Il est mort à Evreux le 28 avril 1998.
I
Nous avons appris son décès le 15 Mai alors que le bulletin était en cours de tirage. Un simple article de presse a été publié et affiché dans les vitrines d'information.
De nombreux pressécagniens ne l'ont pas connu, c'est pourtant un visage, une
personnalité qui a marqué les années 6O-7O par sa présence, son talent et son originalité.
Né au Havre, le 8 Mai 1908 De Abel Dreyfus et de Jeanne Marie Pepin-Malherbe son
épouse, il se plaisait à rappeler ses origines aristocratiques normandes dont les racines connues remontaient à 1416, l'un de ses aïeux aurait été bailli de Rouen.
Il était l'élève des peintres Paul Geissen et Antony Troncet.
Il arriva à Pressagny vers I958 et s'installa avec Monsieur et Madame Trumeau dans une maison de la rue aux Huards qui jouxtait l'actuelle mairie, (école à cette époque). Tout ce petit monde adorait les chats qui pullulaient dans ce secteur. Tout naturellement, ils baptisèrent leur demeure « la Chatteraie ».
Leur home était dépourvu d'eau, et de sanitaires; ils se rendaient chez leurs voisins
pour tirer quelques brocs nécessaires à leur toilette et à leur boisson un simple trou
près de la porte d'entrée recevait les eaux usées de la maison; pourtant, malgré les
mauvaises odeurs, la maison ne manquait pas d'attraits. C'était une de ces vieilles
maisons typique du vieux village à deux niveaux habitables qui aurait pu devenir une
résidence secondaire avec quelques aménagements et consolidations.

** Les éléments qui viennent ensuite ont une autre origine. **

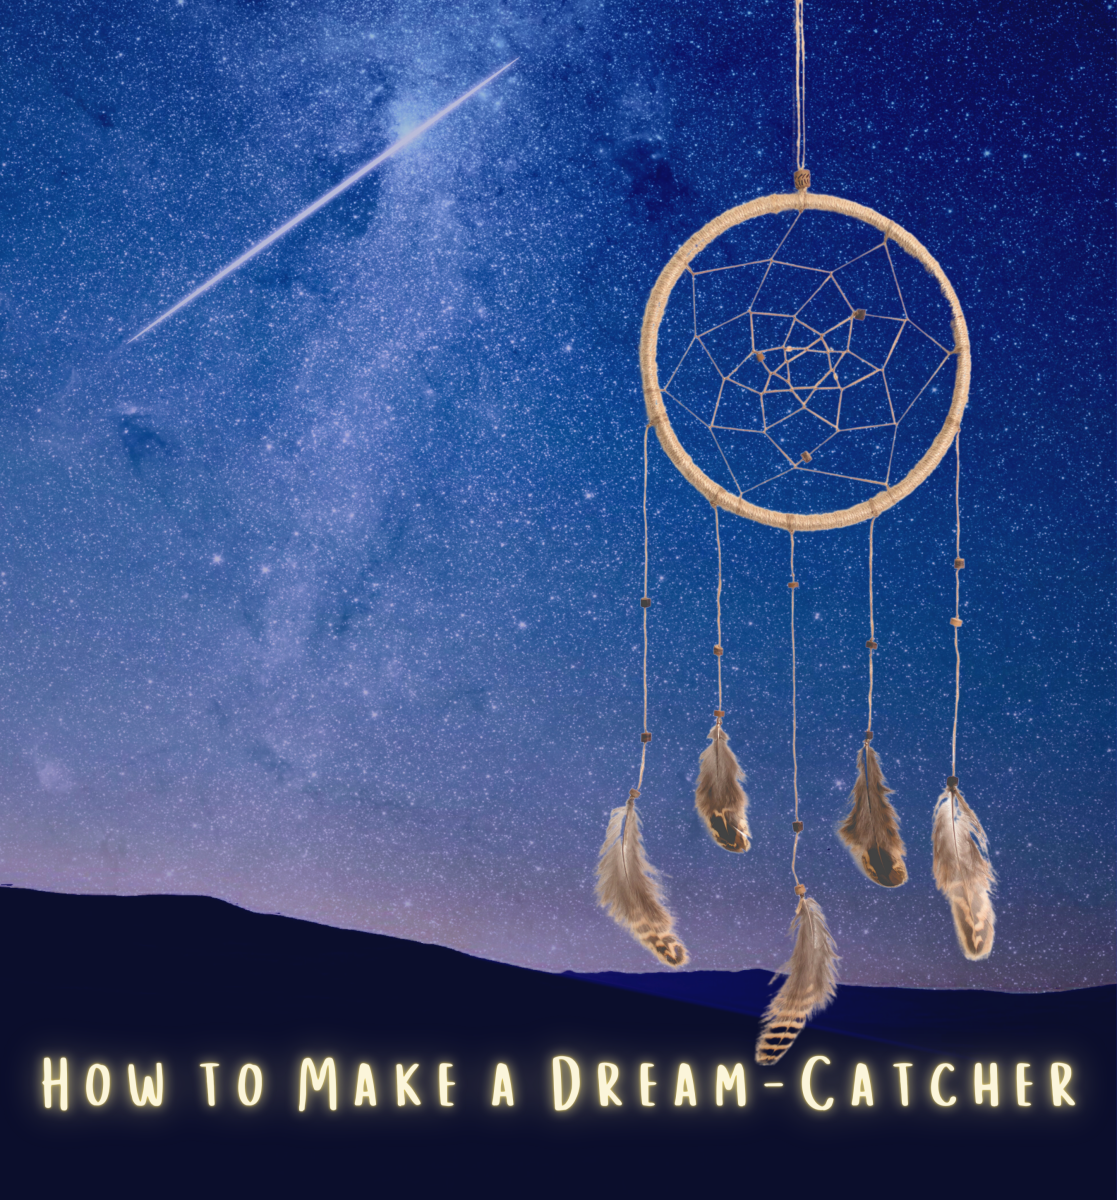 How to Make a Dreamcatcher

On entrait à la chatteraie par une barrière légère en bois qui ouvrait sur une courette en couloir, bordé à droite par l'école et à gauche par un haut mur de pierre comme il y en a tant dans le village. Passé le trou aux immondices recouvert d'un couvercle de fonte, sur la gauche s'enfonçait un escalier de pierre moussu qui conduisait à une belle cave voûtée. A droite, adossé au mur de l'école, un autre escalier de pierre montait à l'antre du peintre.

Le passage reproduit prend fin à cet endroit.